Well Tulsa's got casinos going for them...

----------


## Plutonic Panda

What's with all the palm trees, are they going to cover them up in the winter?

----------


## Mississippi Blues

> Very cool! However, I like how the renderings show the Arkansas River as some flowing blue jewel. They forgot to add the sandbars and brownish-green water.


Yeah, the project is cool & the hotel tower is pretty, but the river will rarely, if ever, look that pretty.

----------


## Snowman

> It's also directly next to the ORU campus, which is very ironic.


Reminds me of a US Marine either batalion or company, known as the "Saints and Sinners" because they are based in Salt Lake City and Las Vegas

----------


## dmoor82

Nice casino tower and development. Yeah T Town!

----------


## bchris02

Looks like an amazing development.  This looks to be first class.  I kind of wish OKC would get something like this.

----------


## Pete

Here is the reality of the river in that area:

----------


## bchris02

> Here is the reality of the river in that area:


That is one thing about Tulsa.  Despite having a potentially impressive riverfront, it is pretty dry most of the time and not very appealing.  That same Arkansas River in Little Rock, just a little ways east, is beautiful and a major asset.

----------


## adaniel

> Looks like an amazing development.  This looks to be first class.  I kind of wish OKC would get something like this.

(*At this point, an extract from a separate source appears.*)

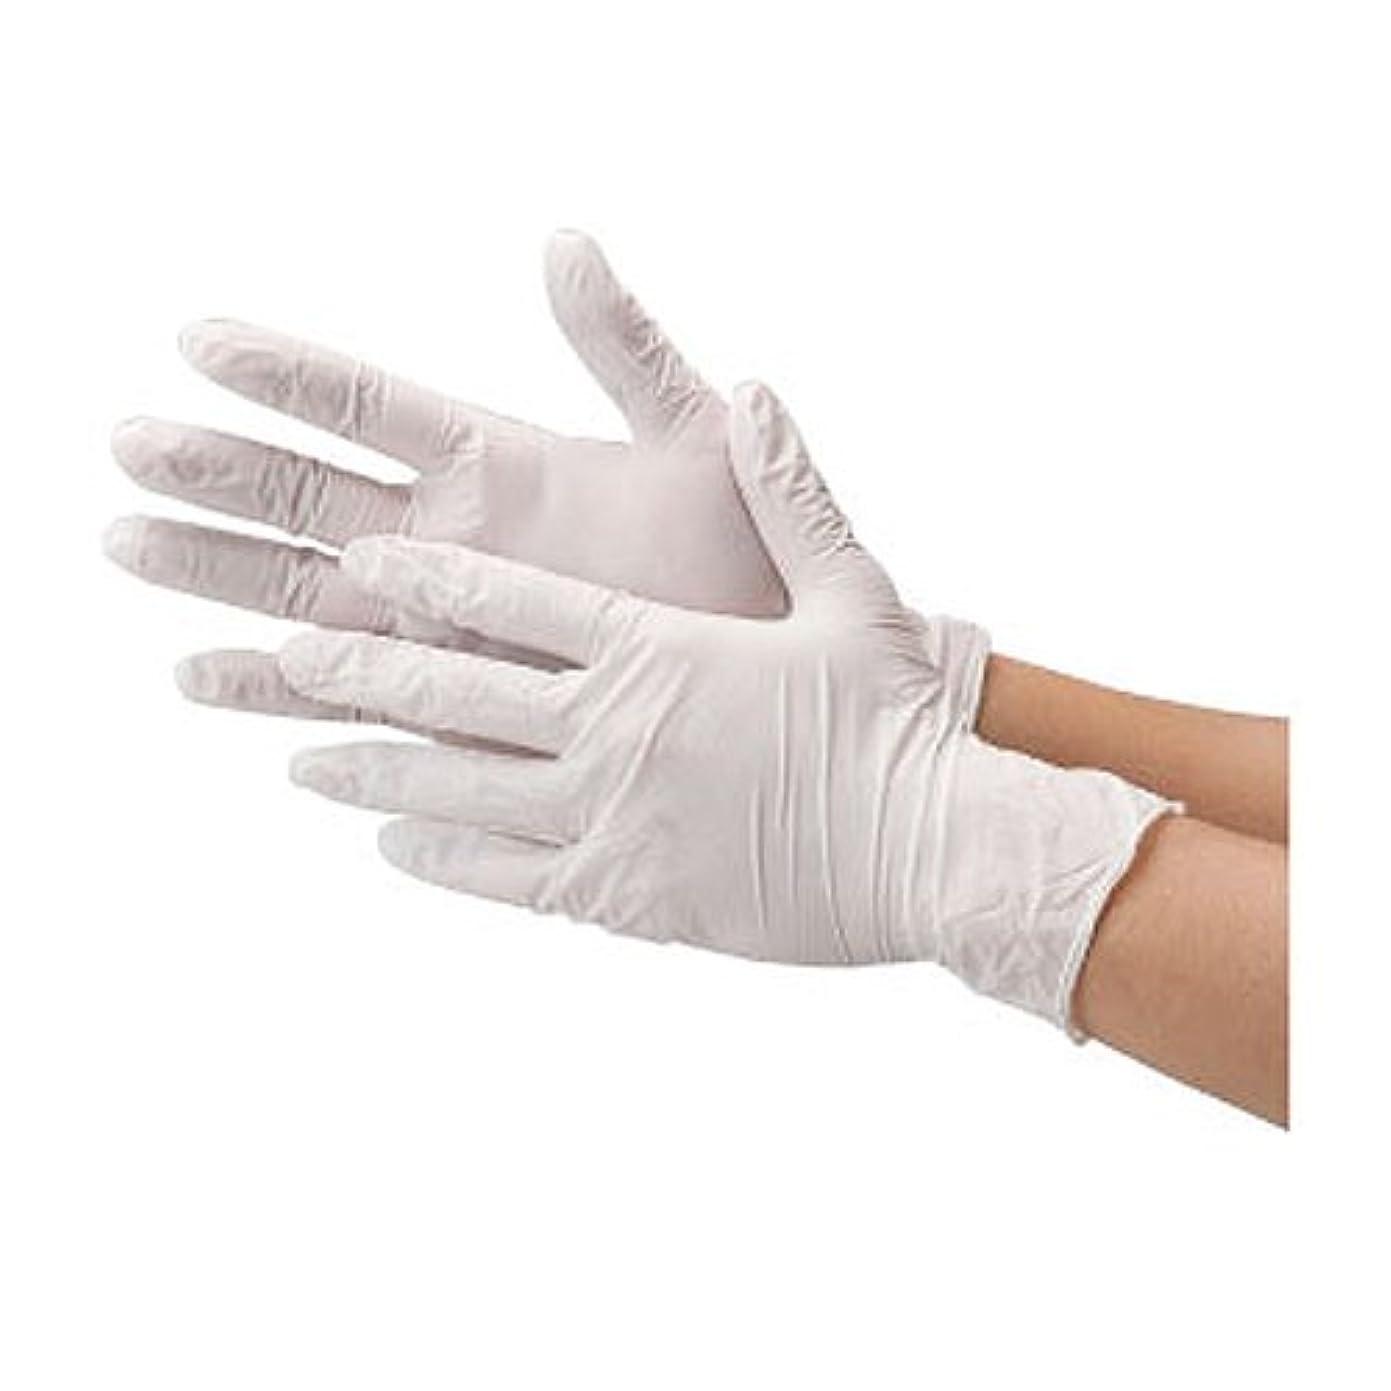 取り囲む話欲しいです川西工業 ニトリル 使いきり手袋 ストロング 粉無 100枚入り 2037 ホワイトL
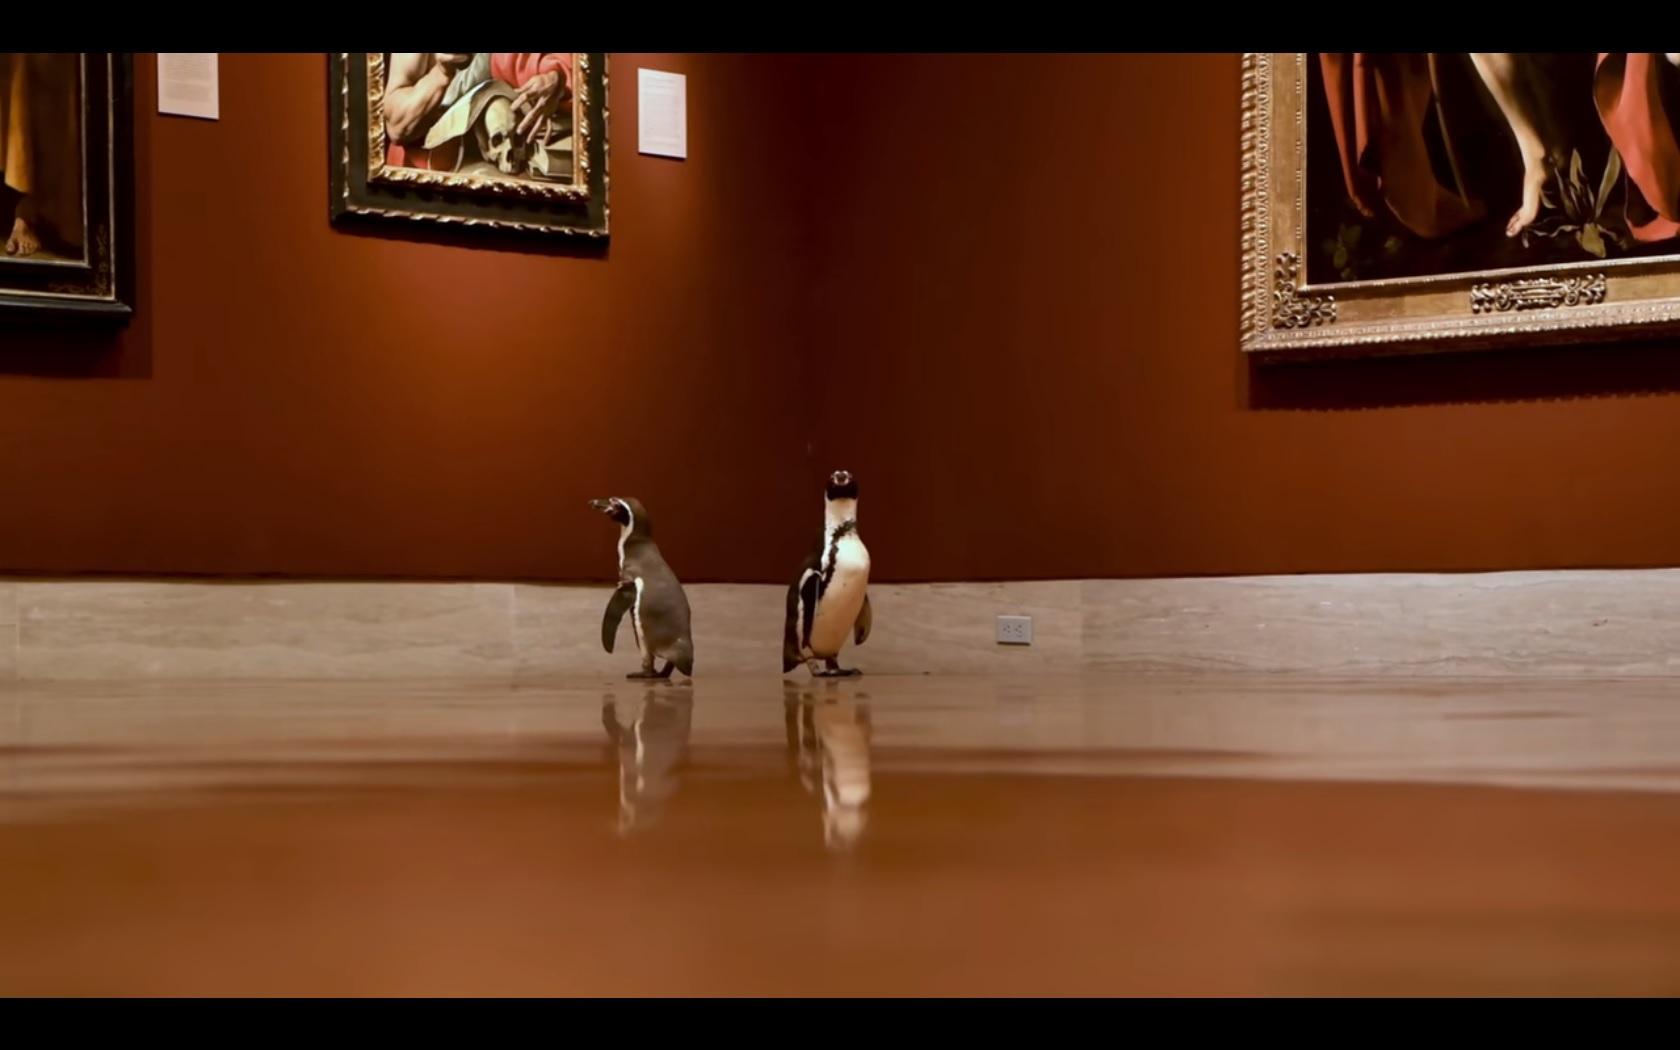 הטבע מתעורר! פינגווינים במוזיאון (צילום: יוטיוב)

I will take a quality office development in the core over a hotel attached to a gaudy indian casino overlooking a sandbar any day of the week.

----------


## Snowman

I guess they are proposing on converting some of that sandbar to something they can build on and landscape, what is currently above the flood plane does not look wide enough to build what they are proposing.

----------


## kevinpate

At some point Tulsa may find a way to reduce their internal political bickering and come up with a way to have the river look better year round.  After all, OKC turned their a mowable ditch into something worthy of notice.

----------


## CuatrodeMayo

Tacky.

----------


## Dustin

The tower is beautiful

----------


## BG918

> Here is the reality of the river in that area:


Part of the year, yes.  The low water dam planned for south of the Creek turnpike bridge will make it more like this outside of spring/early summer:


Turkey Mtn a mile to the north with a full river

----------


## ThomPaine

> What's with all the palm trees, are they going to cover them up in the winter?


Maybe...
Artificial Palm Trees, Fake Palm Trees, Artificial Tropical Palm Trees, Lighted Palm Trees - Tropical Palm Trees  ???

----------


## OKCisOK4me

http://riverprojectstulsa.info/wp-co...ugh%208.11.pdf

View pages 15 & 16.

----------


## venture

What? People expect a real river in Oklahoma year round? :-P

----------


## Mel

Same story, just a another angle.:Creek Nation casino expansion billed 'game changer'

----------


## BG918

> “If this isn't a brilliant PR campaign by the [Muscogee (Creek) Nation] to bring water to the river, I don't know what is," Margaritaville CEO John Cohlan said. “I would say, Mr. Mayor, that we bring the palm trees and the sand, but we’re missing one key ingredient here and that would be the water.”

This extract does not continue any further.